• [EXTRACTED DATA]:
•••••

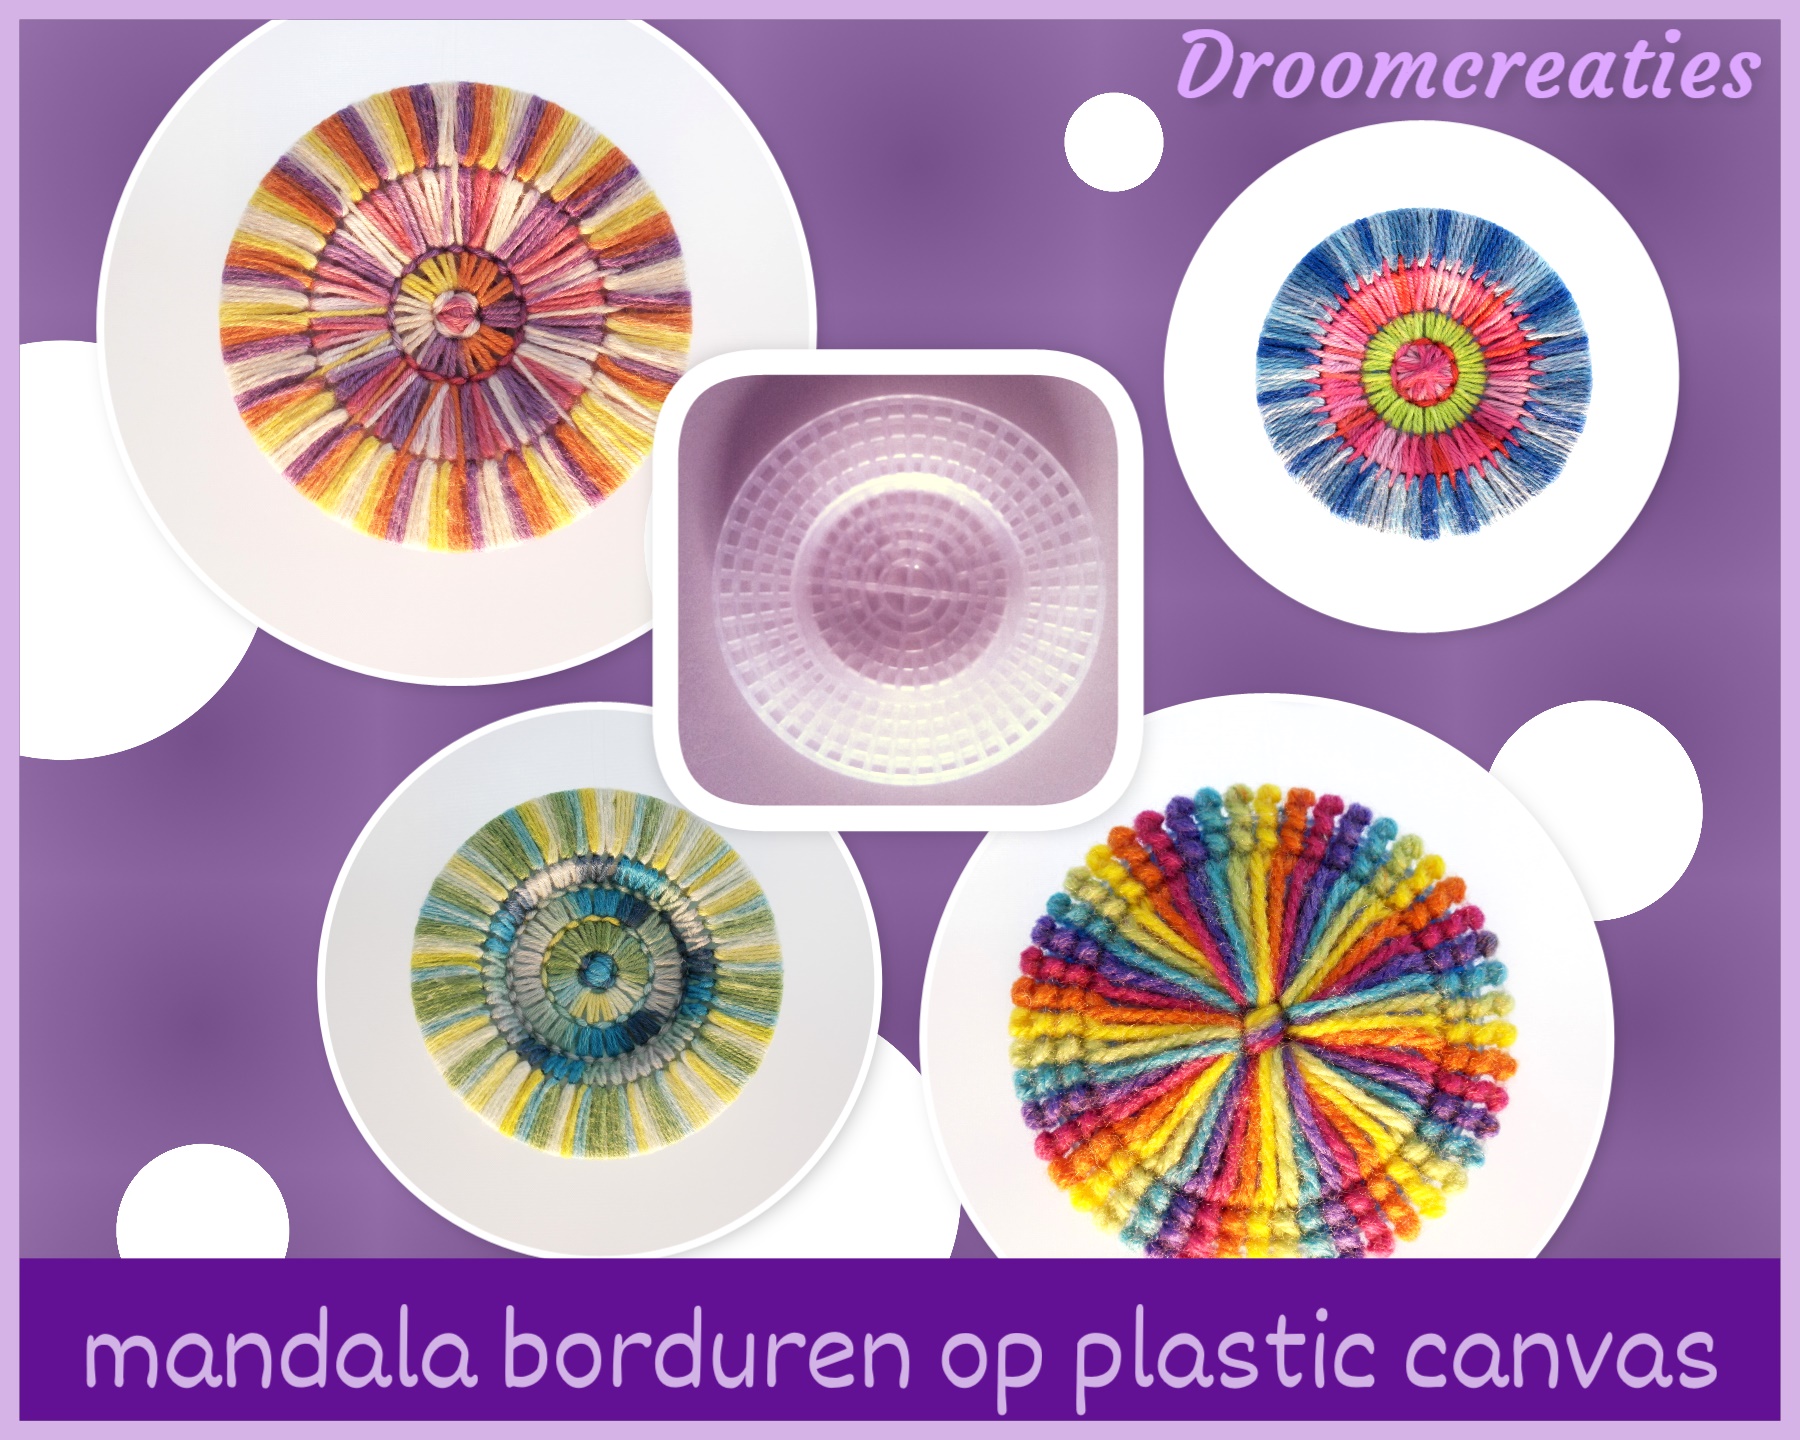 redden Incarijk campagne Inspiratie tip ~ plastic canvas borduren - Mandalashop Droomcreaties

•••••

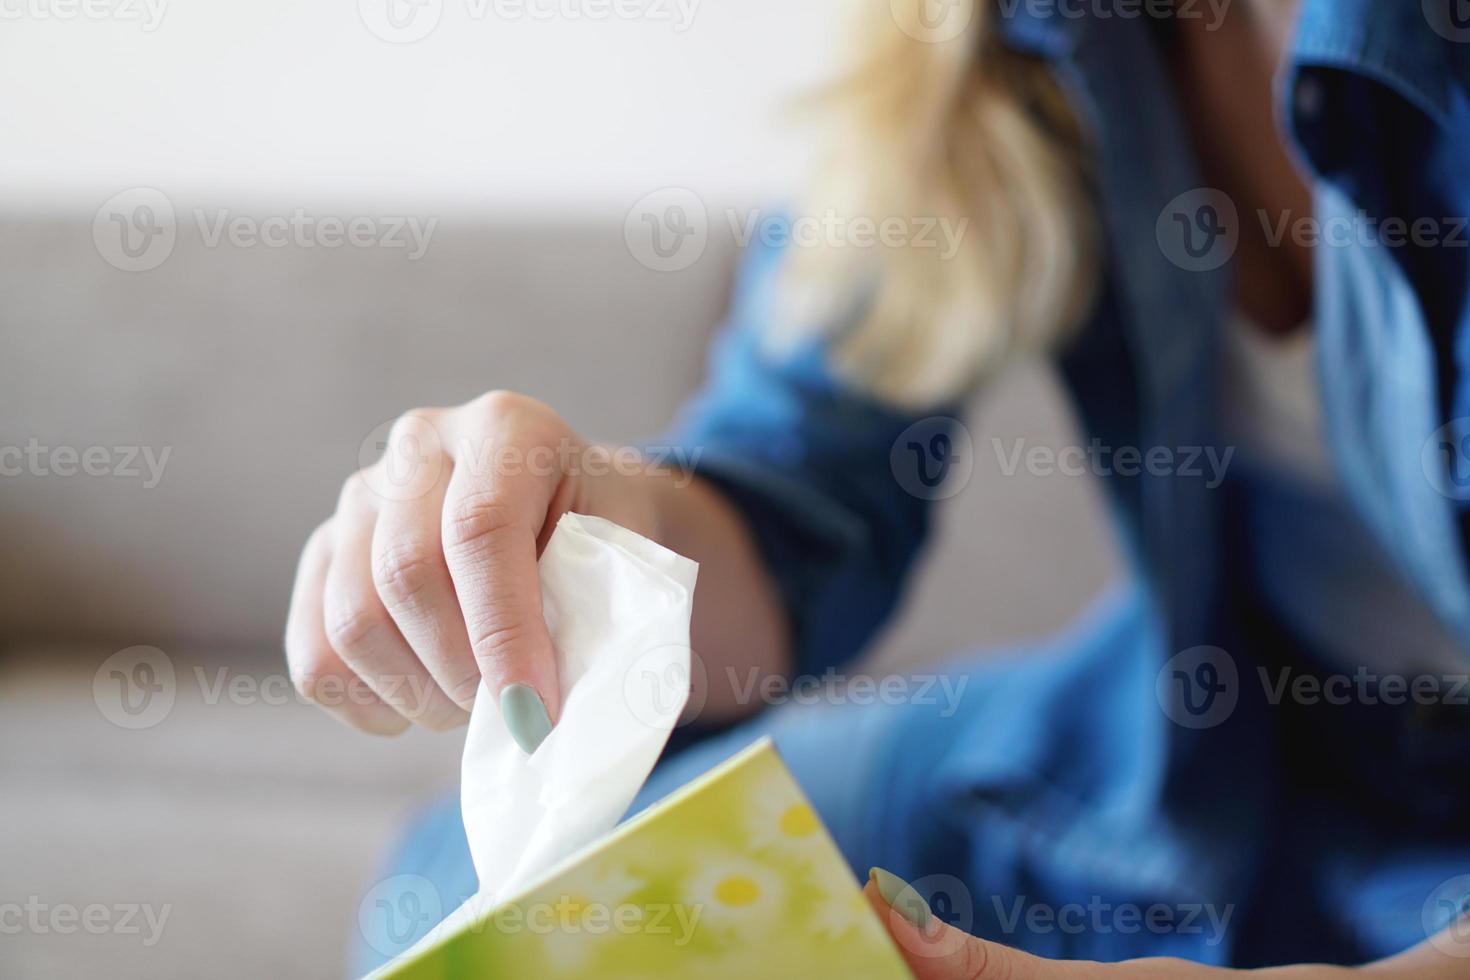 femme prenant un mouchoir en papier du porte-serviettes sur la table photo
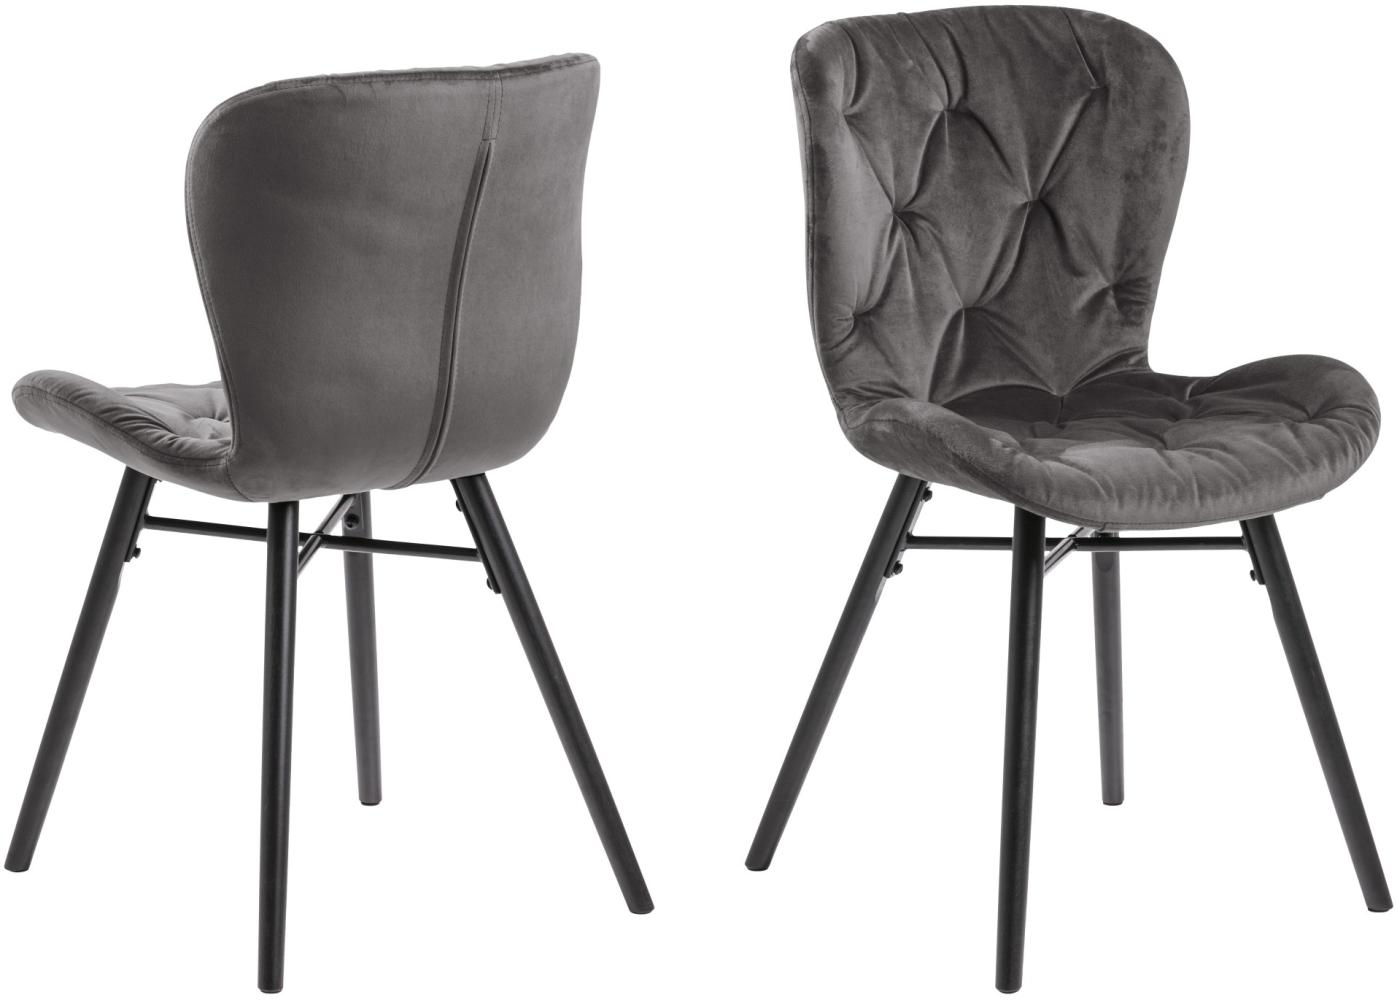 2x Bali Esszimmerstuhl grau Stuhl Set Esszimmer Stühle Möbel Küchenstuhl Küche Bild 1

•••••

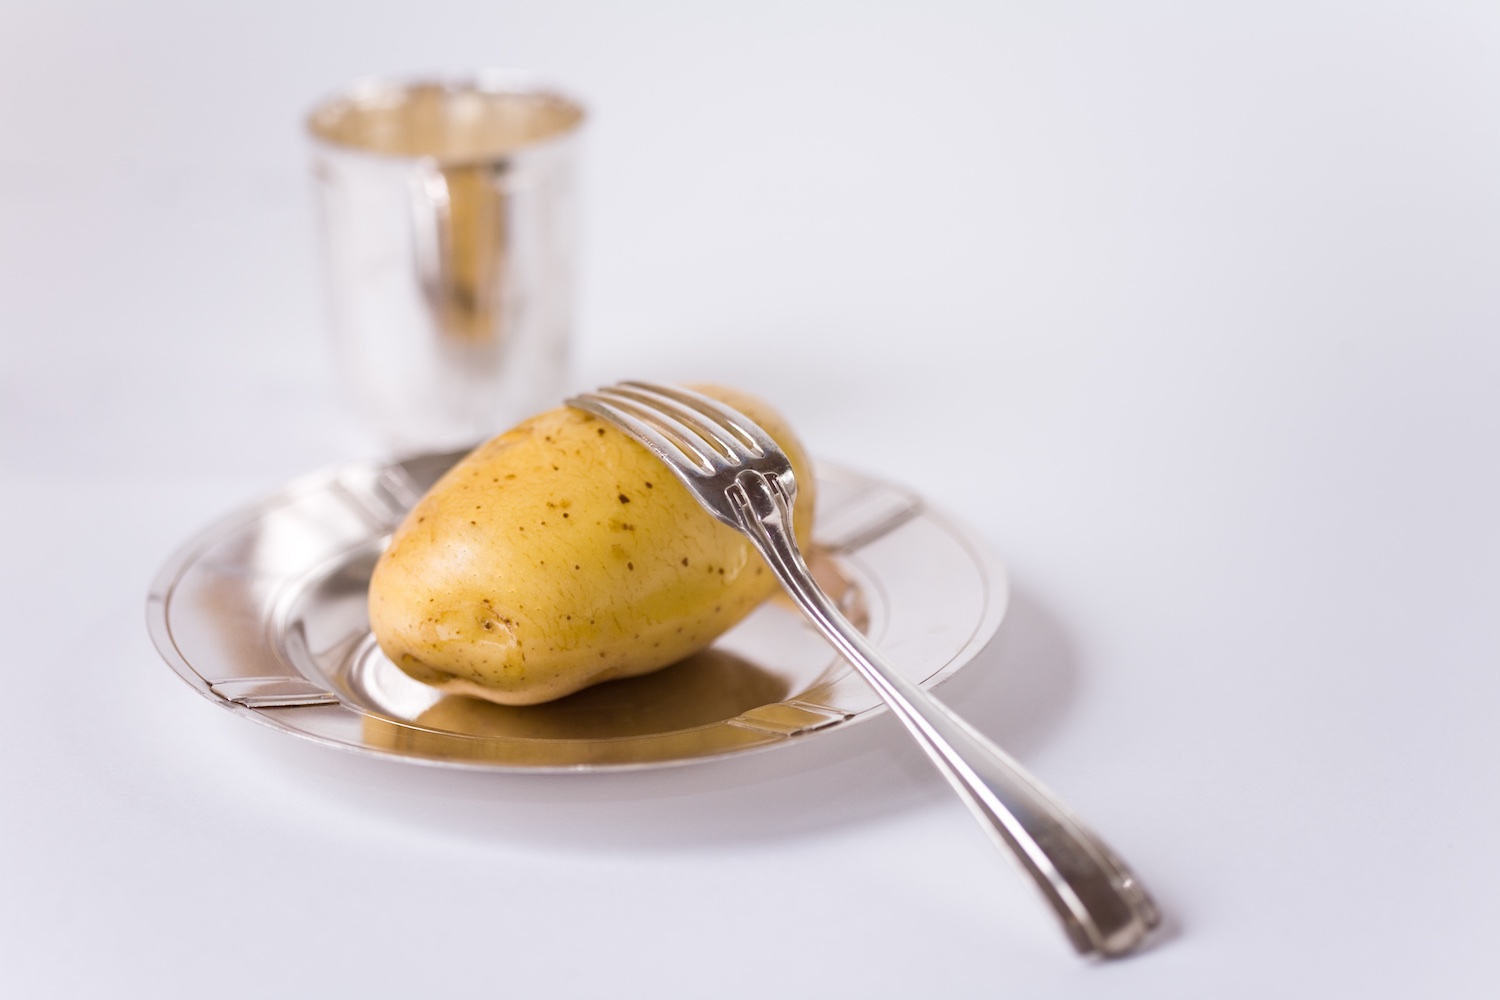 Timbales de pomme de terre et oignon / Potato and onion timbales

•••••

• [TASK REQUIREMENTS]: Every line above between the one containing "femme prenant un" and the one containing "2x Bali Esszimmerstuhl", those two included, is to be printed exactly. No pictures go into the copy.

• [SOLVED PROBLEM]:
 femme prenant un mouchoir en papier du porte-serviettes sur la table photo
 2x Bali Esszimmerstuhl grau Stuhl Set Esszimmer Stühle Möbel Küchenstuhl Küche Bild 1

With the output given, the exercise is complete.